Because I’m not a leader and I don’t have that following, I don’t have the status and the support and the leadership qualities that make an activist effective. I’ve seen effective activists draw people together from all around the country. Pick up the phone and bring the mob in. That’s what effective activism does. It moves the people with them. If you can’t bring the people with you, you are not going to succeed. You need power in numbers.

I think what we need is good leadership, because good leadership really means good activism and good activism means effecting change. I think those things are very linked. I know there are a lot of programs in place to encourage indigenous leadership and that’s a great thing. I think things have changed a lot and I think things have improved a lot, actually, but I think of course some fundamental things are still not progressed. That’s my thoughts on it.

JOHN MAYNARD:  I think you’re selling yourself a little bit short on the activism, because things have changed and there are different mediums, certainly through film and documentary. You are making a statement in what you do. That’s probably a way that we have to look in to the future again. It may not be going and chaining yourself up to a tree although you never know how many people might turn up. [laughs]

RACHEL PERKINS:  Hopefully you’ll turn up and Mum will turn up, but that’ll be it.

JOHN MAYNARD:  You are right. But, so, what is the next step? What do we have to look at? Is it the internet? Is it film? Is it drama? I mentioned music before but I mean how do we heal these rifts of today? That’s the big question out there because hile we are just ripping each other apart we can not effect change. Exactly the same thing as all of us started with, the frustration. You feel so depressed looking at this stuff.

MARTIN BALLANGARRY:  Brothablack, he was singing some songs. I think people need to hear what he is saying, reconcile with yourself first before you can venture on and become a leader or what you’re about.

You do video, movies, and stuff. I do it too. I do videography. I make movies just on a small scale, just showing the little bit of Aboriginals and the whitefella mixing up and issues at home. NAIDOC Day, a celebration we have once a year. Film is a good media to get out there. Mentorship. You’re talking mentorship.

We’ve got the leaders out there. There are a lot of leaders out there and I think they need shaking up. They need to start talking about what we need. They know what we need but all they have to do is get up, talk up, and meet up, anything.
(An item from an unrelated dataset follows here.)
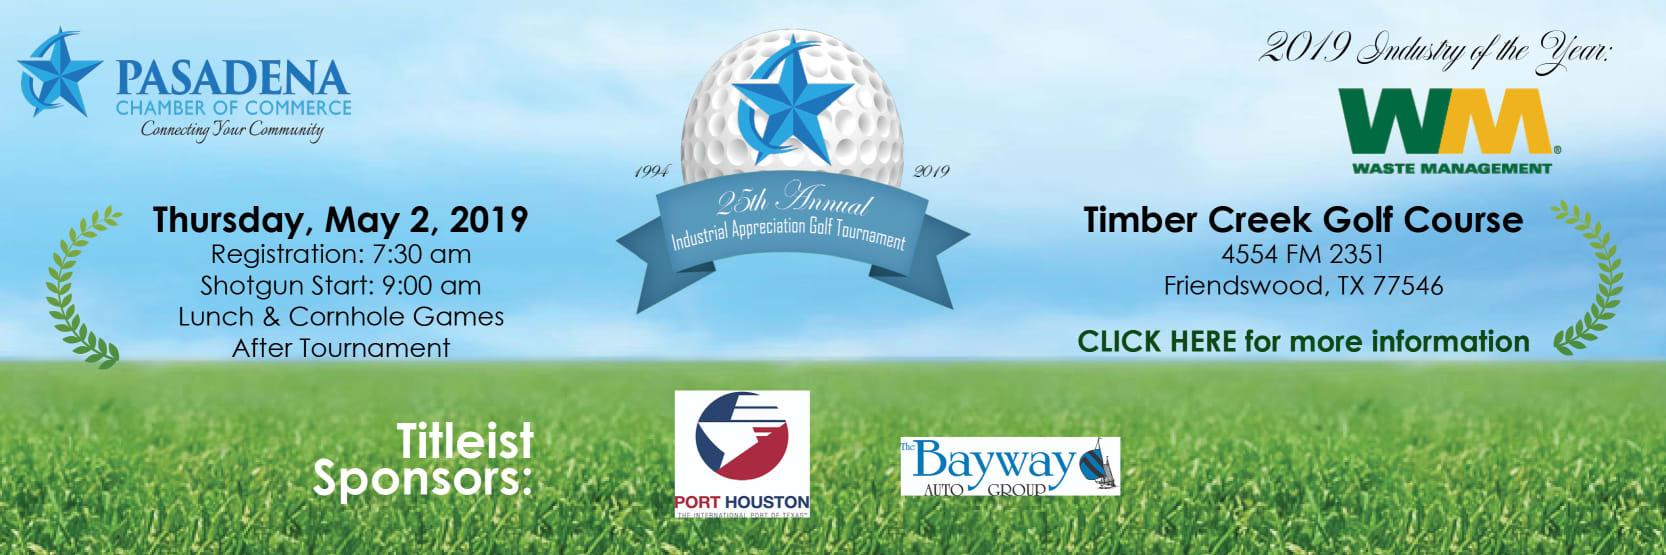 Golf-Web-Banner-w1666.jpg
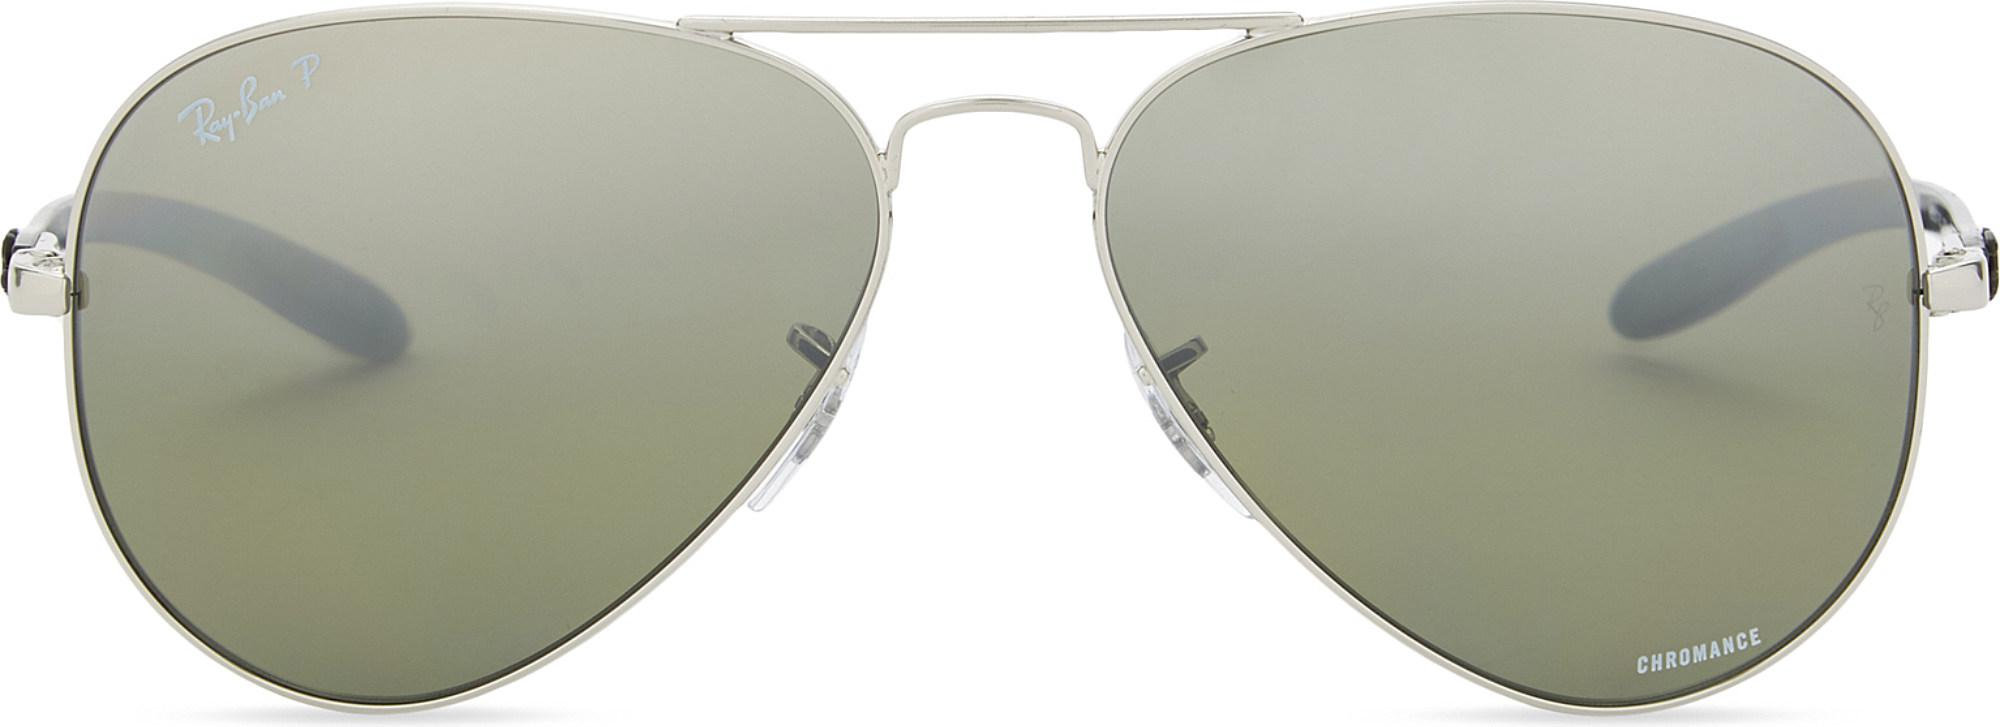 4187e954acf2a Ray-Ban Rb8317ch Chromance® Aviator Sunglasses in Metallic for Men ...

Remember, I was surprised of the bit of footage of the Freedom Rides they had down here in the place and the person gave me a little bit of the background on how they obtained it. Apparently it was in the ASIO file I believe. [laughs] They are probably doing something on me now, somebody out there, guaranteed. [laughs]

I was just talking to Brothablack and I got this funny message, I don’t know what it means. [laughs] It’s not in my text, so maybe it’s something in this area. I don’t know – it’s on my mobile cellular. I don’t know, as you said, Rachel, we did come forward maybe one and a half, maybe a little bit more steps than I anticipated. But I’ve looked at a lot of stuff and I still say we are not where we should be at.

There are a lot of kids out there that want to take the lead, but they have got to start having confidence in themselves. Remember we are combating with drugs and alcohol. My mission up in Bowraville where I come from is pretty well. We are trying to work with the kids all of the time. I do work with them kids all of the time I have been doing it for the last 40 years. I have been working around them.

No sooner do you get them, they get shy or ashamed, the shame factor comes back. These are smart kids. These are very smart kids. They are very intelligent. And these are the kids that the kids ostracise for behaviour. We are talking about education. Education has to be looked at through the behaviour of Aboriginal kids.

Now there are a lot of smart kids. I have been around education system. I have seen a lot of smart kids that come from the behavioural school. I thought they were, you can’t say it on TV but they were naughty boys and girls but they come around and spin around and they have good jobs and they are leading in the mentorship with the program that I work with.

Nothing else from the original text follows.